How UV technology can minimize membrane biofouling
By Brian Grochowski
The use of membrane technology is common practice within the food, beverage and pharmaceutical industries. Membrane systems play an important role in purifying water, ingredient water, water reuse and recycling. While these systems are very reliable and produce consistent results, correct maintenance and monitoring of the membranes is essential to ensure optimal results. Membrane biofouling can cause many issues and it is critical that system monitoring is performed and pre-treatment technologies are applied to mitigate them before they have an impact on a customer’s process downstream.
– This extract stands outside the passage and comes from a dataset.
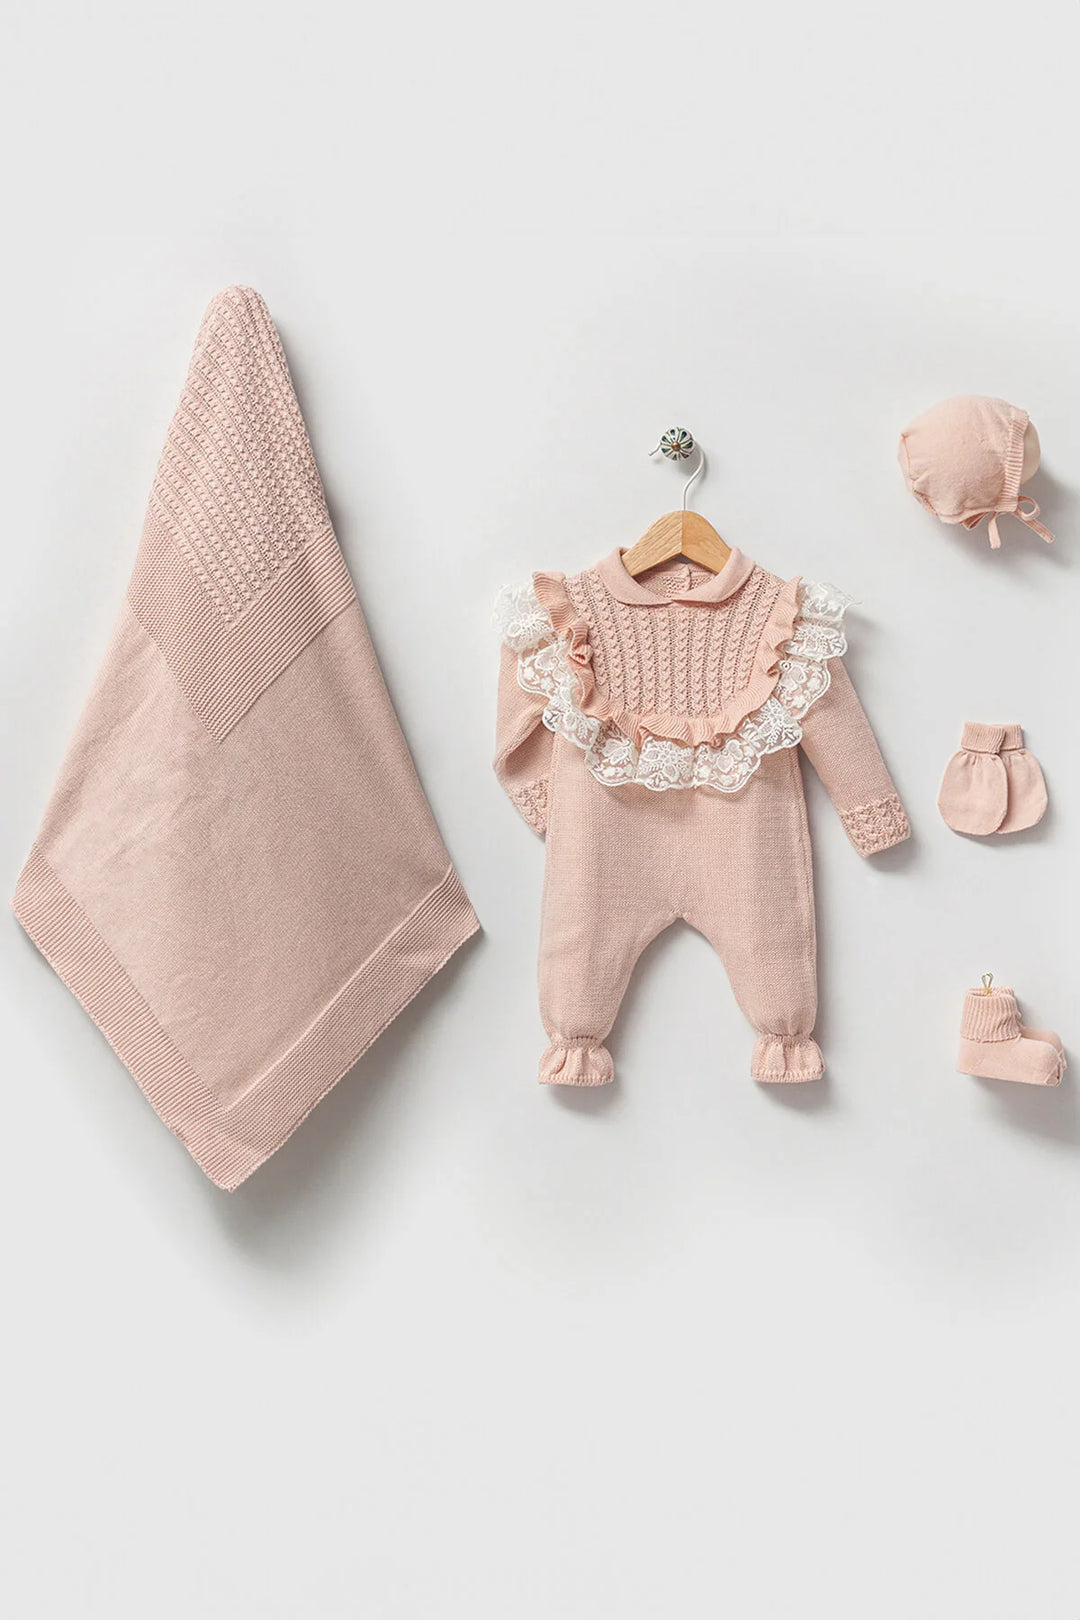 Daphne Powder Newborn Knitwear Coming Home Set (5pcs)

A comprehensive article entitled “Biofouling of Water Treatment Membranes: A Review of the Underlying Causes, Monitoring Techniques and Control Measures” published in the 2012 Membranes journal discusses this problem in more detail and notes that biofouling can result in the following issues:
• Reduction in membrane flux
• Higher feed and differential pressure may be required to maintain the same performance as non-fouled membranes
• Membrane degradation and membrane lifetime can suffer
• Reduced quality and consistency of the water passing through the membranes
• Higher energy and higher pressures may be required to overcome the flux decline
According to the article, nearly 50% of membrane fouling issues in nanofiltration and reverse osmosis systems are in part caused by biofouling.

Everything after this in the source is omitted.